The Bolivian Vice President
Garcia Linare lends expression to the Bolivian road to socialism,
"communitarian socialism" that is, and his contention
that Bolivia differs from Europe and the United States because
community structures that have resisted capitalist subjugation have
survived is echoed by David Choquehuanca the Foreign Minister who says
in an interview
that by incorporating traditional values Bolivia will find its way to
"communitarian socialism". Nevertheless, while the new Political
Constitution of the State along with a rejection of the
neo-liberal dictates
of the World Bank and the IMF have to be welcomed, there remains an
almost "utopian
socialist" naivety in Bolivia's "Movement
Towards Socialism."
As Jim
Petras, a Marxist scholar who has written extensively on Latin
American politics for half a century, argues, Evo Morales's government
still gives a very high priority to orthodox capitalist growth and that
he does so to the detriment of an alternative. There is, indeed, much to
suggest that the government (MAD-ISP) in La
Paz is adopting policies aimed at appeasing the ruling,
"white", elite rather than overthrowing them and Mr Petras would appear
to hit the nail on the head when he says, that there is an “increased size and scope of foreign owned
multinational corporate extractive capital investments." Just one of
the repercussions of this is voiced by the community teacher, William Ávalos,
from the Bolivia's southern Tarija department, who contends that,
Morales wanted Caraparí the gas capital of Tarija, to be a model city
but if you go there you won't find a model city but "just a cloud of
dust. And they keep extracting gas." However, it might be added that
these ecological problems are just one consequence of a socialist
transition at the expense of socialist revolution. After all,
this is a process which Garcia Linare admits, won't be easy,
saying "it could take decades, even centuries." Of course, there are
those who might contend that the Vice President, as someone who backs
the development of an "Andean-Amazonian
capitalism" is not too upset by the fact that the "socialist transistion"

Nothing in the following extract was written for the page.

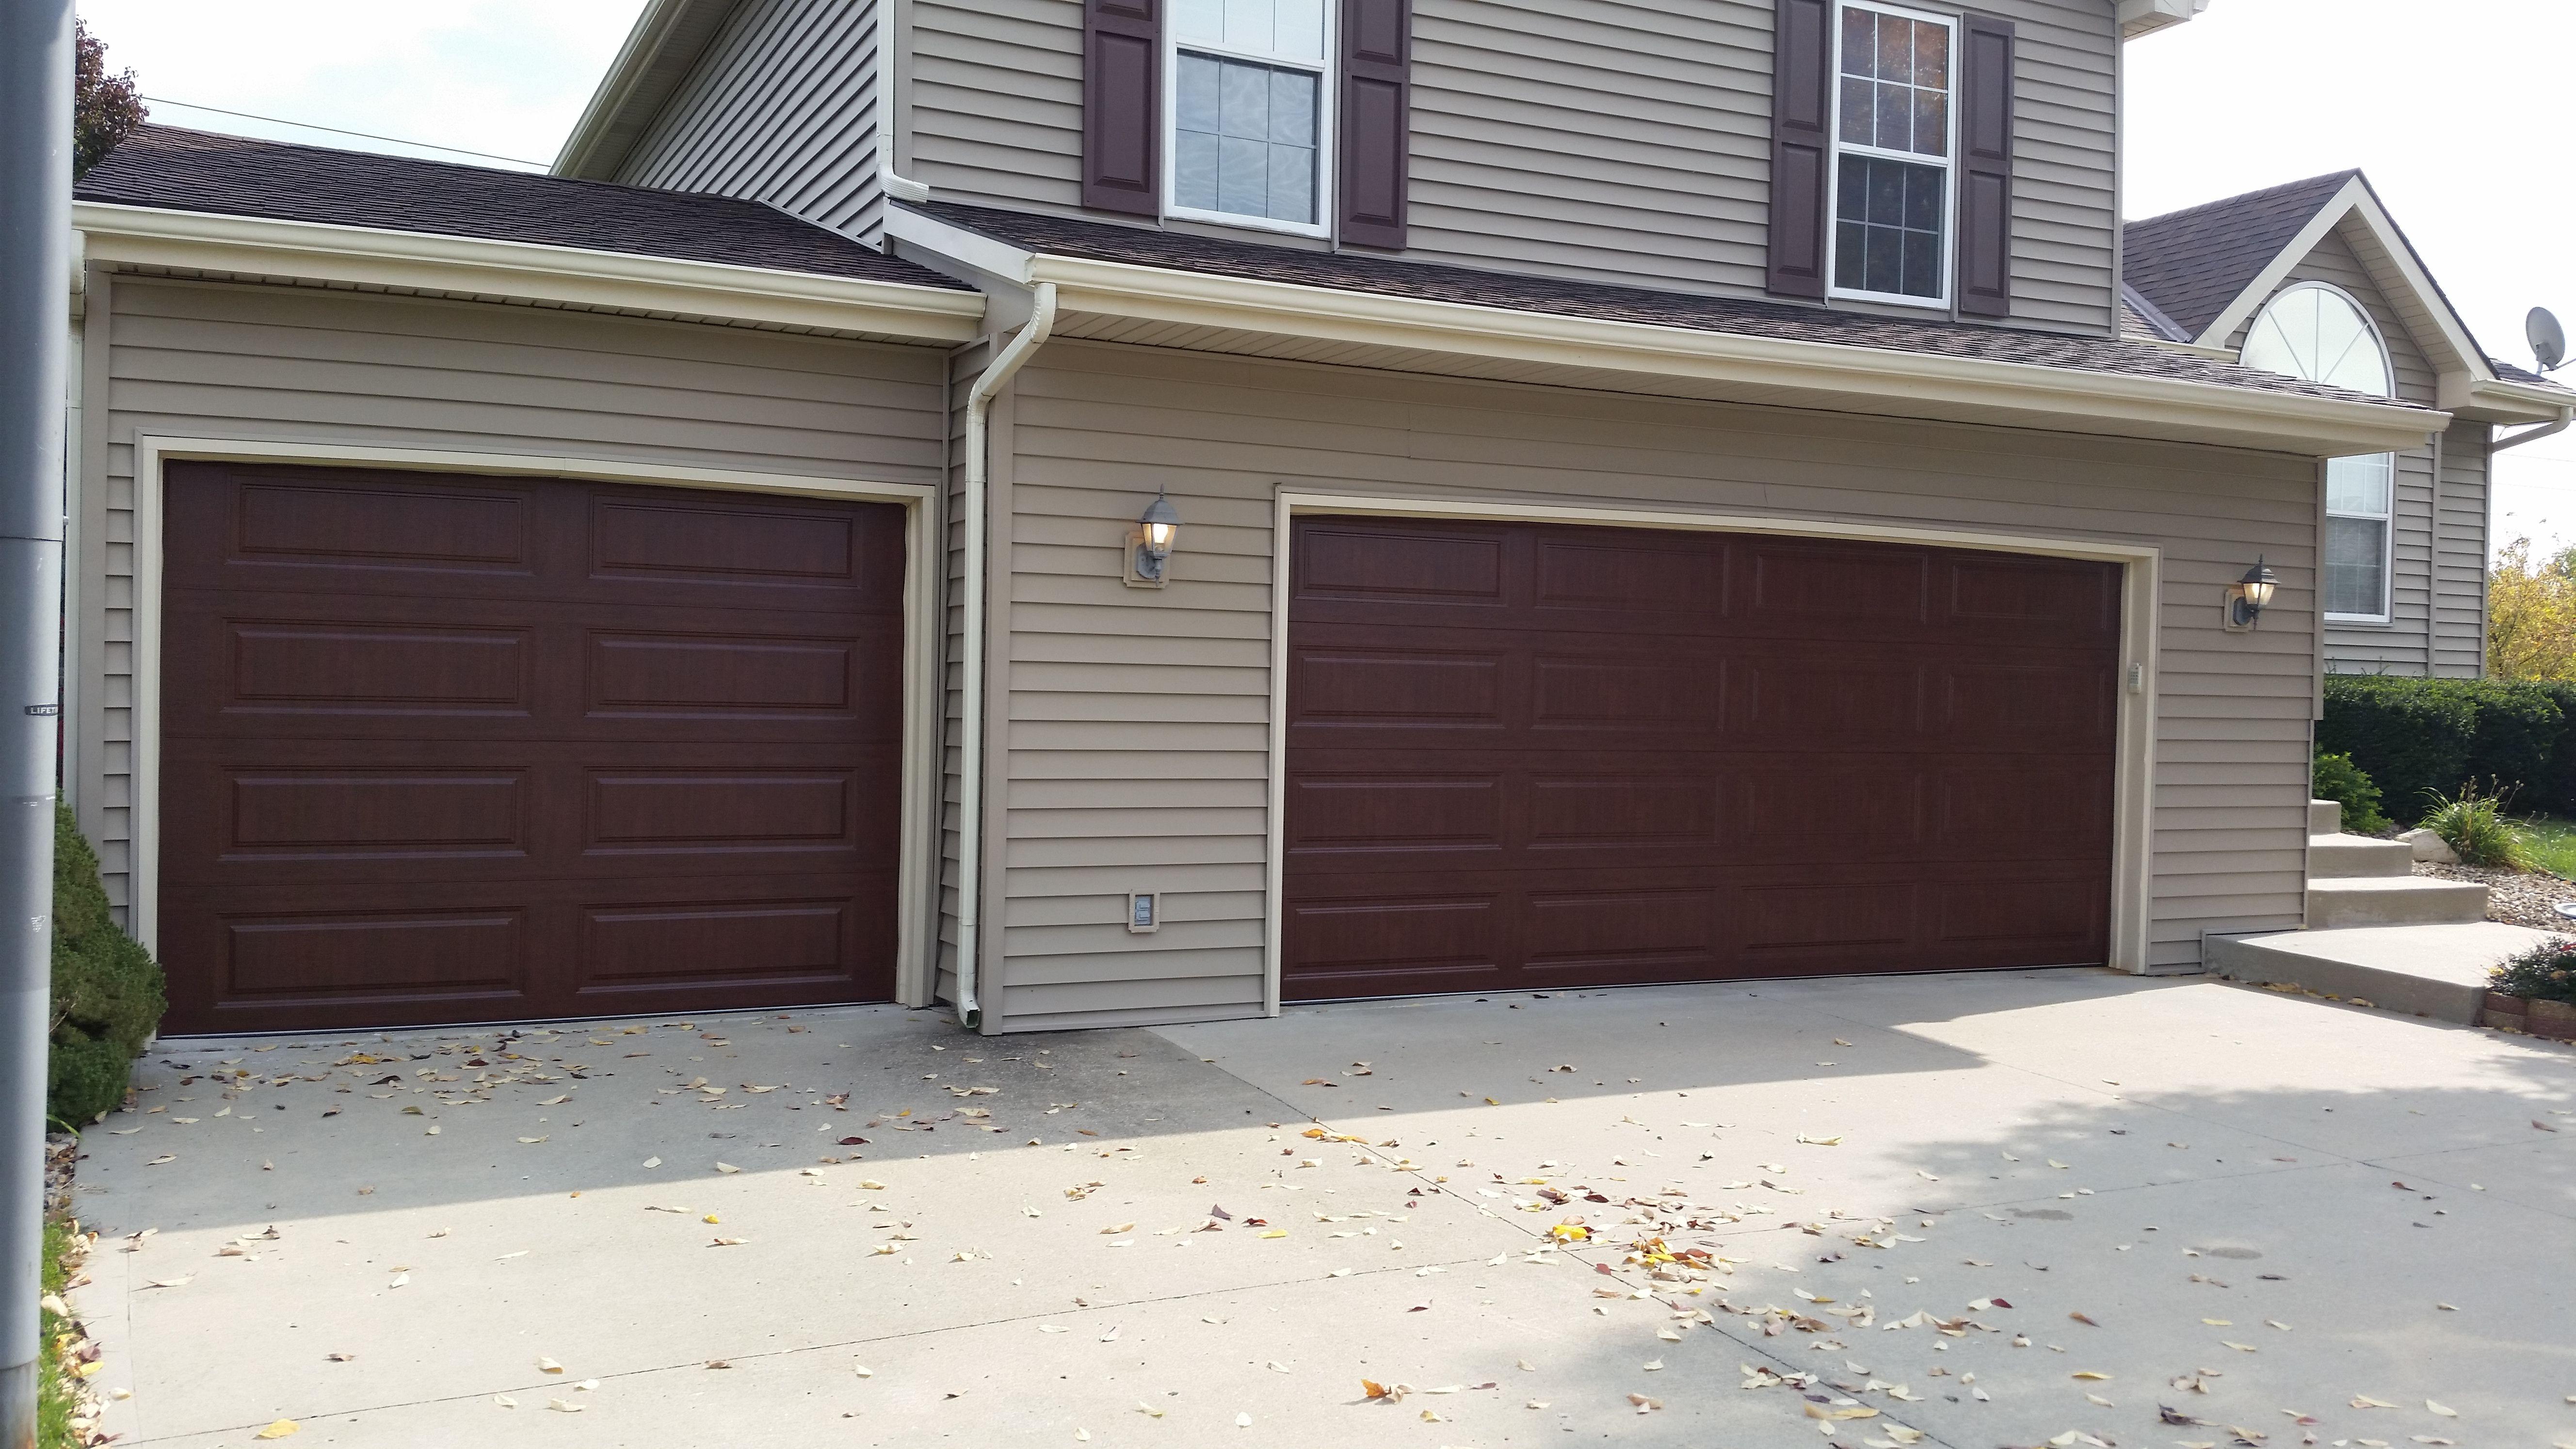 Clopay Classic Collection Premium Series Steel Insulated Garage Doors The Overhead Door Guy Theohdg Com Garage Doors Garage Door Insulation Overhead Door

in "communitarian socialism" might take centuries. My mind almost drifts
to tthe British Labour Party's annual conference and the delegates
singing the "Red Flag".
It is that last point which brings me onto my contention that much of what is being done in Bolivia is like old wine in new bottles and one is reminded of the collapse of the Second International and the advent of a reform socialism, which like the Bolivian "revolution" was to have its successes but was to ultimately fail the planet. Therefore, while it would be wrong not to welcome the developments that we are seeing in Bolivia, we would do well to see them for what they are and when we do that, we will come quickly to the conclusion that progress towards a real socialist society cannot take "decades" or "even centuries", for there can be no compromise with a capitalism which prefers a "cloud of dust" to a model city and there most certainly cannot be any agreement with "foreign owned multinational corporate extractive capital investments." Therefore, it might be concluded that it is a sad indictment on mankind that in the year 2010 stalinism, reform socialism and communitarian socialism are the only "practical" models that most people look to as an alternative to capitalist exploitation. However while this should not lead us to reject any realignment of the real democratic forces in society, it should also not prevent us from looking for another real socialist alternative which, indeed, might be found not in a "third way" but rather in the "fourth way", namely, in revisiting the Fourth International.